Crosstalk with keratinocytes causes GNAQ oncogene specificity in melanoma

  1. Oscar Urtatiz
  2. Amanda Haage
  3. Guy Tanentzapf
  4. Catherine D Van Raamsdonk  Is a corresponding author
  1. Department of Medical Genetics, Life Sciences Institute, University of British Columbia, Canada
  2. Department of Cellular and Physiological Sciences, Life Sciences Institute, University of British Columbia, Canada

Peer review process

This article was accepted for publication as part of eLife's original publishing model.

History

  1. Version of Record published
  2. Accepted Manuscript published
  3. Accepted
  4. Preprint posted
  5. Received

Decision letter

  1. William C Hahn
    Reviewing Editor; Dana-Farber Cancer Institute, United States
  2. Richard M White
    Senior Editor; Memorial Sloan Kettering Cancer Center, United States

Our editorial process produces two outputs: i) public reviews designed to be posted alongside the preprint for the benefit of readers; ii) feedback on the manuscript for the authors, including requests for revisions, shown below. We also include an acceptance summary that explains what the editors found interesting or important about the work.

Decision letter after peer review:

Thank you for submitting your article "Crosstalk with keratinocytes causes GNAQ oncogene specificity in melanoma" for consideration by eLife. Your article has been reviewed by 2 peer reviewers, and the evaluation has been overseen by a Reviewing Editor and Richard White as the Senior Editor. The reviewers have opted to remain anonymous.

The reviewers have discussed their reviews with one another, and the Reviewing Editor has drafted this to help you prepare a revised submission.

Essential revisions:

1) The bioinformatic analysis regarding PLCB4 is flawed.
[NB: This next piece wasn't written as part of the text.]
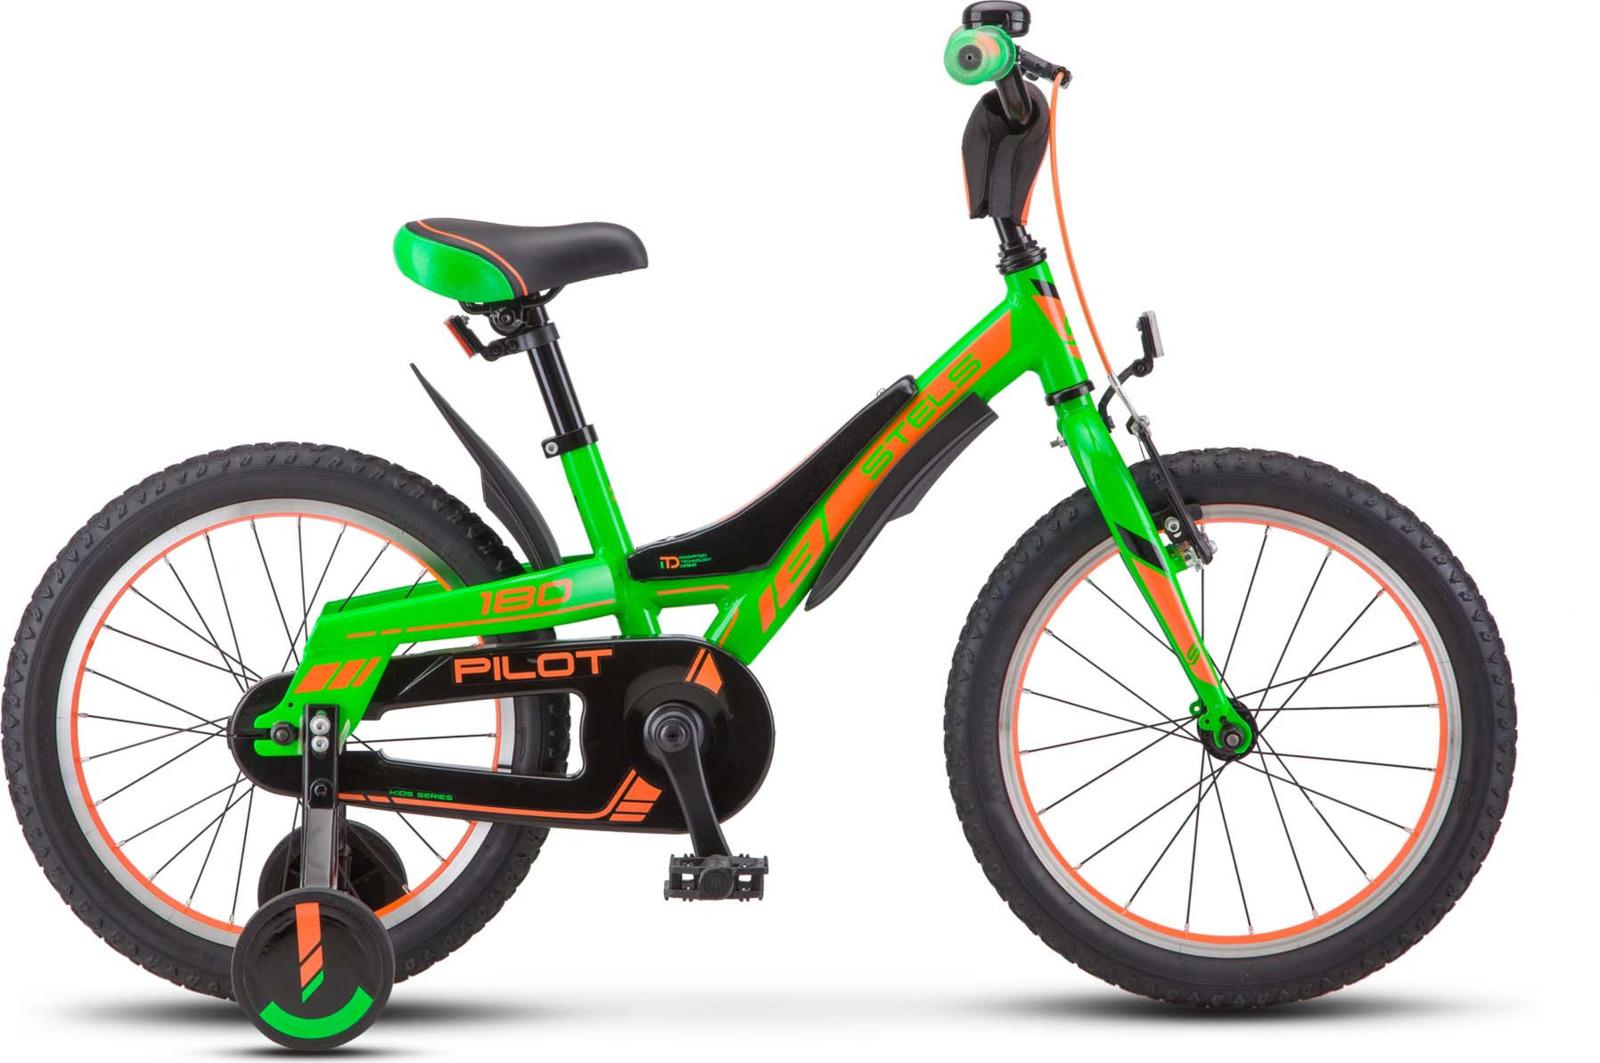 Фото - Велосипед Stels Pilot-180 16, KUBC0046952018, зеленый stels pilot 750 24 16

This analysis requires a more sophisticated analysis or should be removed from the manuscript. As currently presented, this detracts from the conclusions rather than supporting the work.

2) The Semaphorin mechanism is interesting but highly speculative.

3) The authors should address some inconsistencies around the data presented in Figure 3A and 4D. It seems like the WT-melanocytes in co-culture with IFE are dividing quite rapidly, according to figure 4D, yet their numbers decline over time according to figure 3A.

4) The fluorescence images would be better with higher quality images.

Reviewer #2 (Recommendations for the authors):

The authors have utilized appropriate models and multiple experimental methods to support their findings.

The only weakness noted in the lengthy discussion of the TCGA-SKCM data set analysis and comparison of the frequency of expression of mutations in various genes. This part needs to be summarized, since it distracts from the major take-home message of the manuscript and the strong data demonstrating how the microenvironment can influence the oncogenic impact of GNAQ mutations.

[Editors' note: further revisions were suggested prior to acceptance, as described below.]

Thank you for resubmitting your work entitled "Crosstalk with keratinocytes causes GNAQ oncogene specificity in melanoma" for further consideration by eLife. Your revised article has been evaluated by Richard White (Senior Editor) and a Reviewing Editor.

The manuscript has been improved but there is one remaining issue that need to be addressed, as outlined below:

The reviewers and editors are not convinced that the mutational analysis of PLCB4 are robust and follow currently accepted guidelines for identifying somatic alterations in tumors with high numbers of somatic alterations, such as melanoma. The cited literature is not mainstream. Since this point is not necessary to support the conclusions presented, we ask that you remove this analysis from the manuscript.

Reviewer #1 (Recommendations for the authors):

I compliment the authors for clarifying the issues pertaining to their experimental work. I also think the addition to the manuscript of the MAPK and Hippo pathway gene expression analyses was very interesting. Questions have been raised by other laboratories as to the relevance of the Hippo arm, and these results will be informative to that debate.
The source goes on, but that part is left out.